## DATA BLOCK
==============================

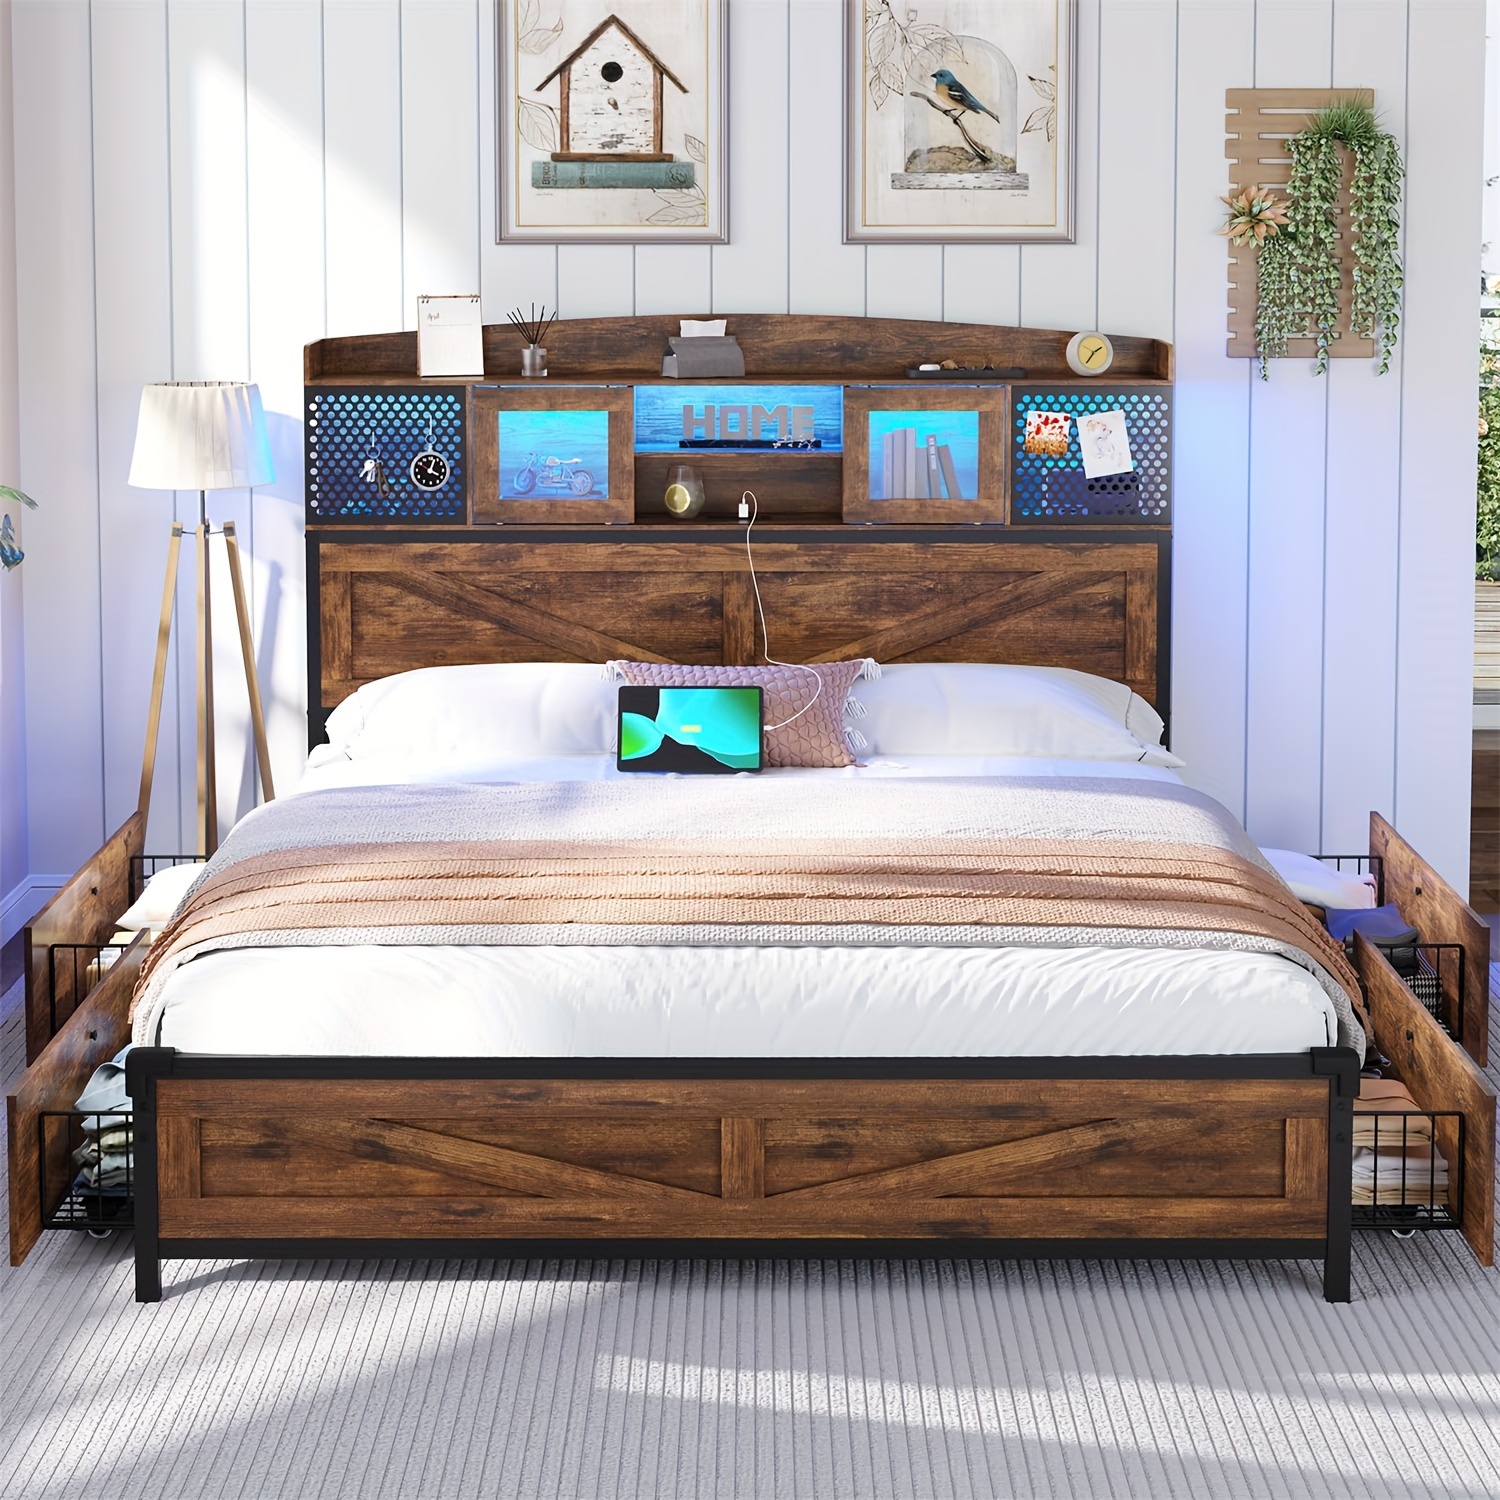 

Full Platform Bed Frame With Led Lights And Power Outlets, Farmhouse Bed With 4 Drawers And Headboard Storage Shelves, Rustic Brown
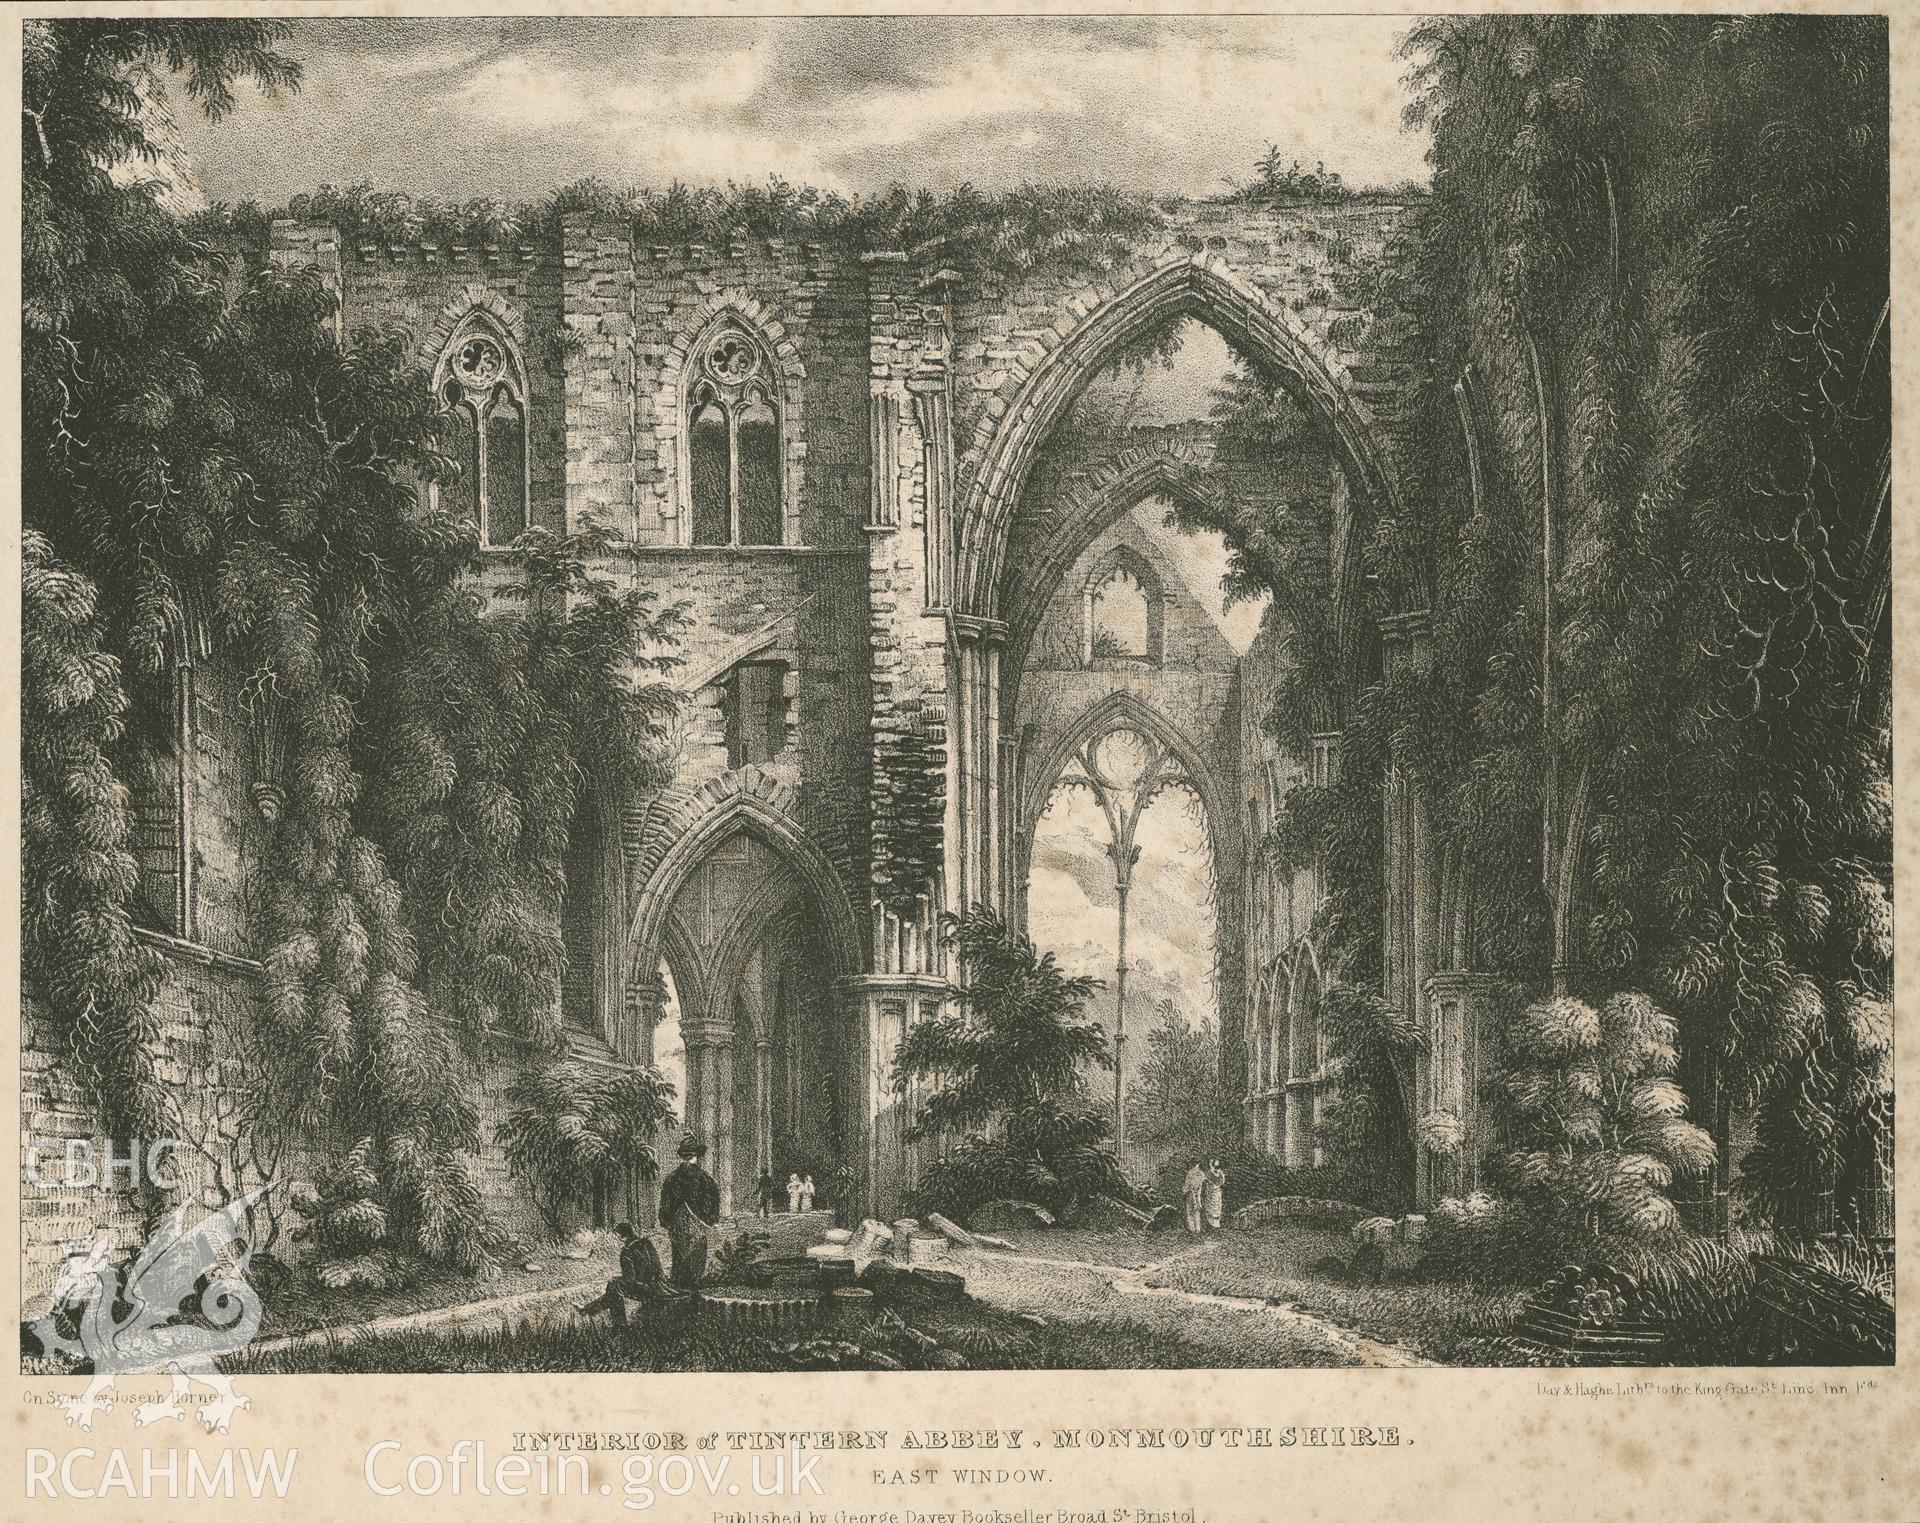 Digital copy of an engraving of view of Tintern Abbey published by George Davey.
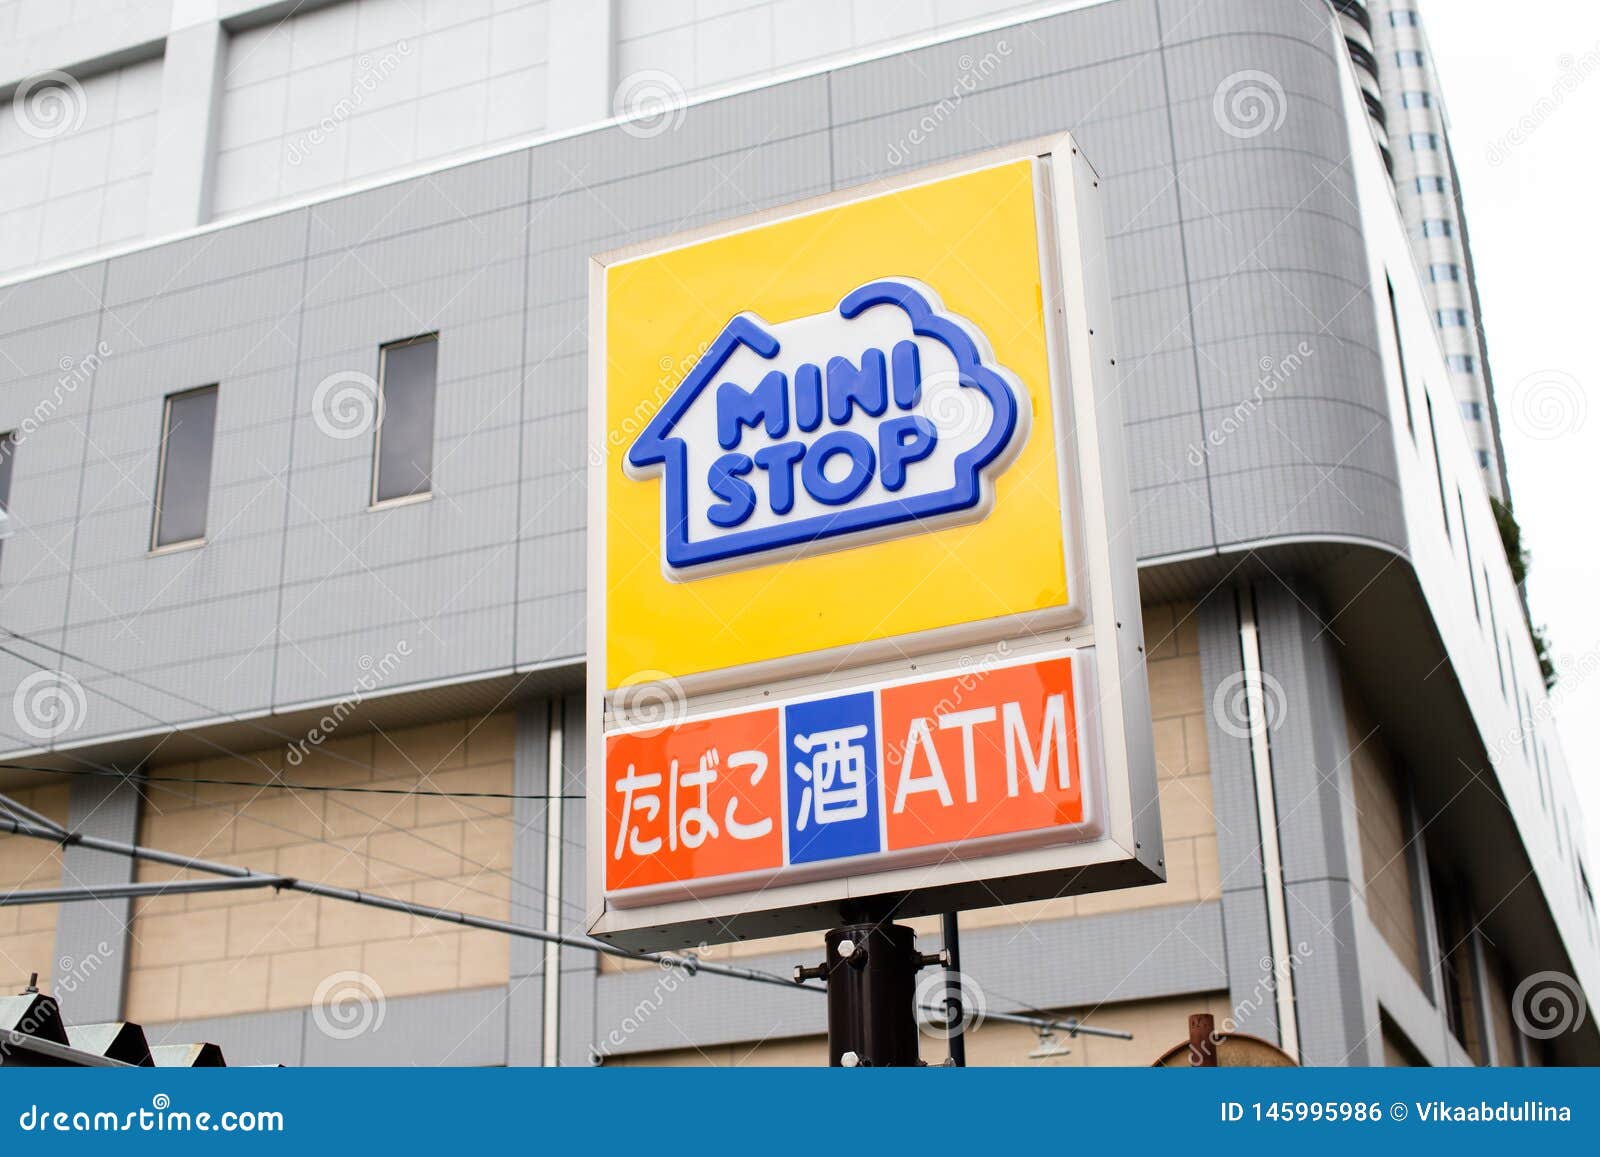 Ministop Co Ltd A Member Of Aeon Aeon Operates The Ministop Convenience Store Combin Editorial Photo Image Of Famous Brand

==============================

## WHAT IS EXPECTED
Your task is to repeat the data above exactly while excluding the pictures.

## ANSWER SPACE
Full Platform Bed Frame With Led Lights And Power Outlets, Farmhouse Bed With 4 Drawers And Headboard Storage Shelves, Rustic Brown
 Digital copy of an engraving of view of Tintern Abbey published by George Davey.
 Ministop Co Ltd A Member Of Aeon Aeon Operates The Ministop Convenience Store Combin Editorial Photo Image Of Famous Brand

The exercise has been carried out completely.